JAMA: HBBS linked to death, MI risk; FDA called to stop HBBS trials
The use of hemoglobin-based blood substitutes (HBBS) is associated with a significantly increased risk of death and MI, according to a meta-analysis published online April 28 in the Journal of the American Medical Association. The researchers noted that the FDA had ample evidence eight years ago to stop ongoing studies using HBBS, some in cardiac surgery trials, but did not.

HBBSs are infusible oxygen-carrying liquids that have long shelf lives, have no need for refrigeration or cross-matching, and are ideal for treating hemorrhagic shock in remote settings. Some trials of HBBSs during the last decade have reported increased risks without clinical benefit, according to the authors.

As a result of these reports, Charles Natanson, MD, from the critical care medicine department at the National Institutes of Health in Bethesda, Md., and colleagues, undertook the study to assess the safety of HBBSs in surgical, stroke and trauma patients.

The researchers examined 16 trials involving five different products and 3,711 patients in varied patient populations were identified.

Overall, Natanson and colleagues found that there was a statistically significant increase in the risk of death (164 deaths in the HBBS-treated groups and 123 deaths in the control groups) and risk of MI (59 MIs in the HBBS-treated groups and 16 MIs in the control groups) with the HBBSs. Subgroup analysis of the trials indicated the increased risk was not restricted to a particular HBBS or clinical indication, the authors wrote.

The researchers noted that the data reported by sponsors to the FDA are not made public by the agency unless the product is approved or an advisory committee is convened to discuss the product.
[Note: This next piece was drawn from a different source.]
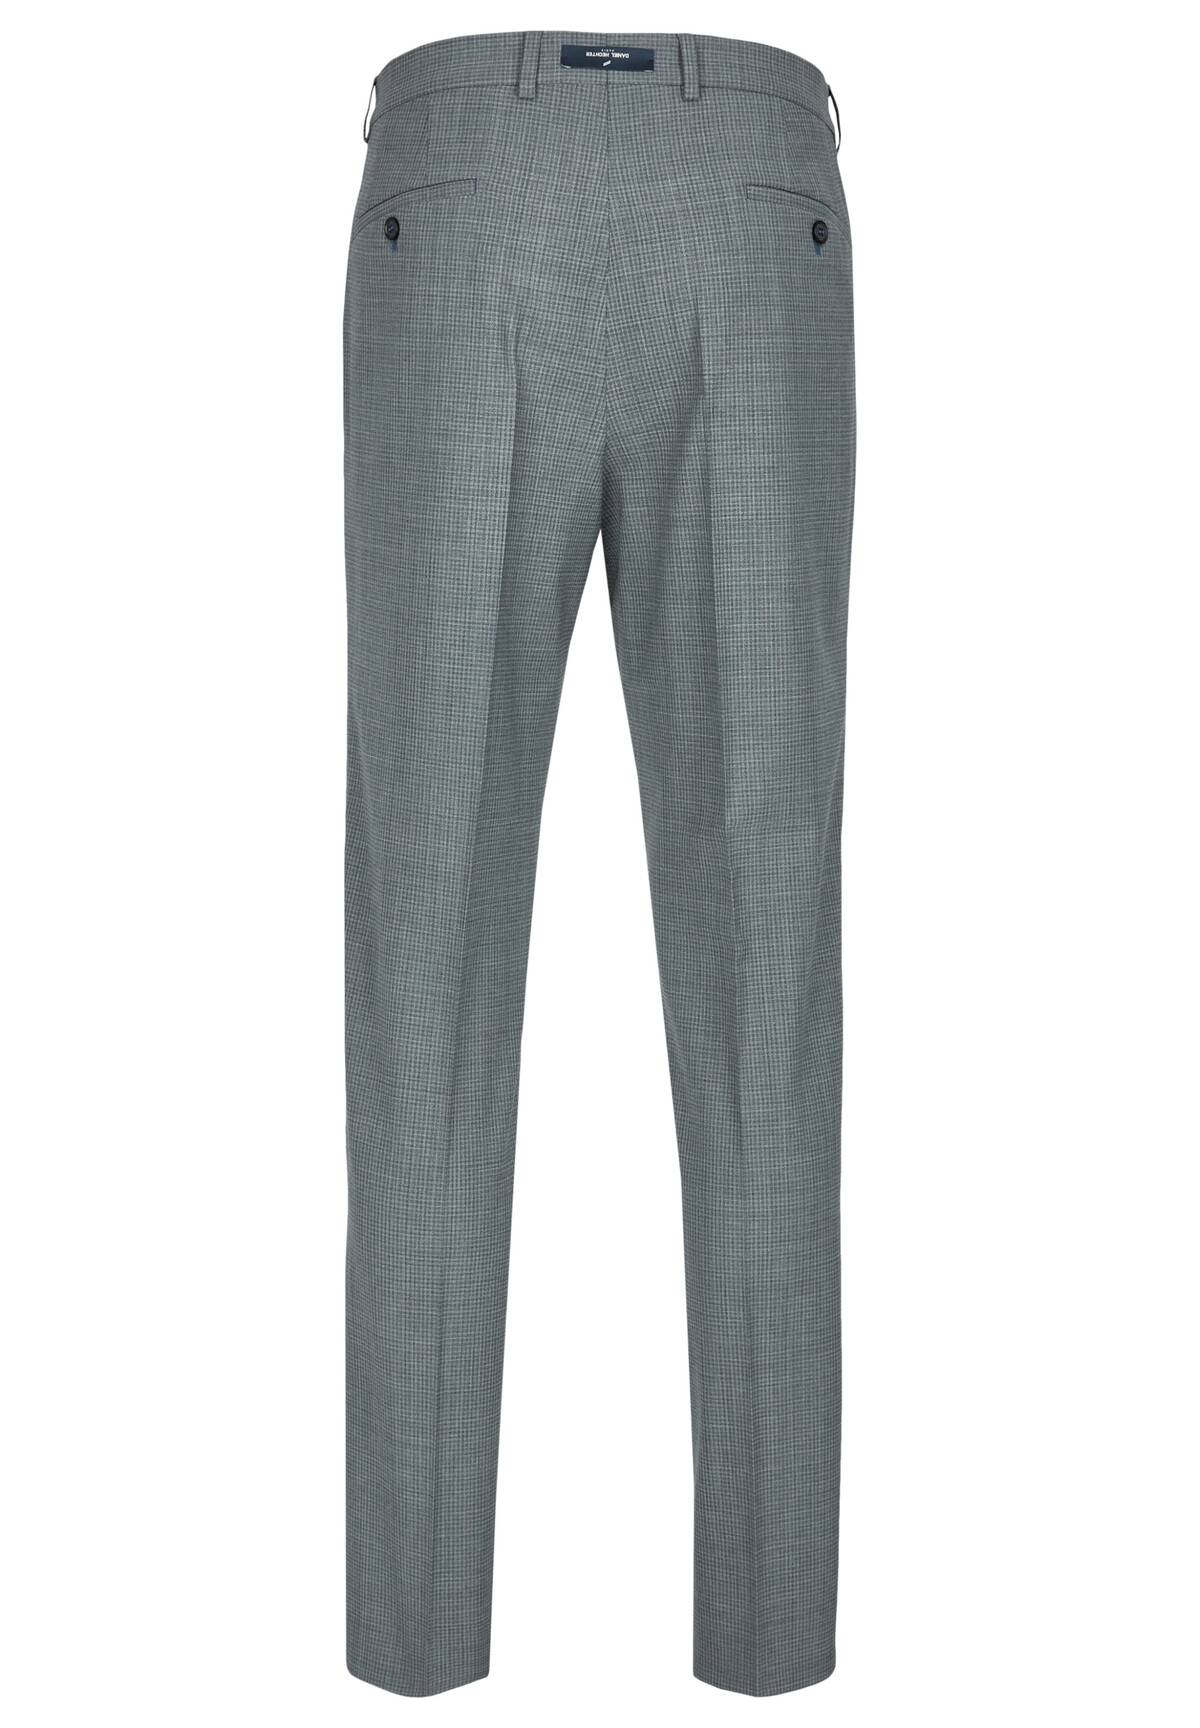 DH-XTENSION Modern Fit Anzug Hose / DH-XTENSION Modern Fit Anzug Hose

The authors said their cumulative mortality analysis “indicates that prompt meta-analyses of the HBBS trials by the FDA most likely would have demonstrated significant risks by 2000. Had the agency placed a moratorium on trials at that point, product-related deaths and MIs in subsequent trials most likely would have been prevented.” However, for the past eight years, such data were not made available to scientists.

The researchers said that there are five ongoing trials of HBBSs, and at least one is being planned.

The authors warned that the “risks of these HBBS products should be weighed against any benefits the products may have demonstrated.”

“The results of all trials of experimental agents conducted in human beings—from phase 1 to phase 4—should be fully and expeditiously disclosed to the scientific and medical communities. The case study detailed here underscores both the scientific inefficiency and the real risks to patients of the current failure to report data promptly. When ‘secret science’ is allowed, scientists are unable to build on the successes or failures of other researchers testing similar products, and patients can be repeatedly exposed to risks unnecessarily,” Natanson and colleagues concluded.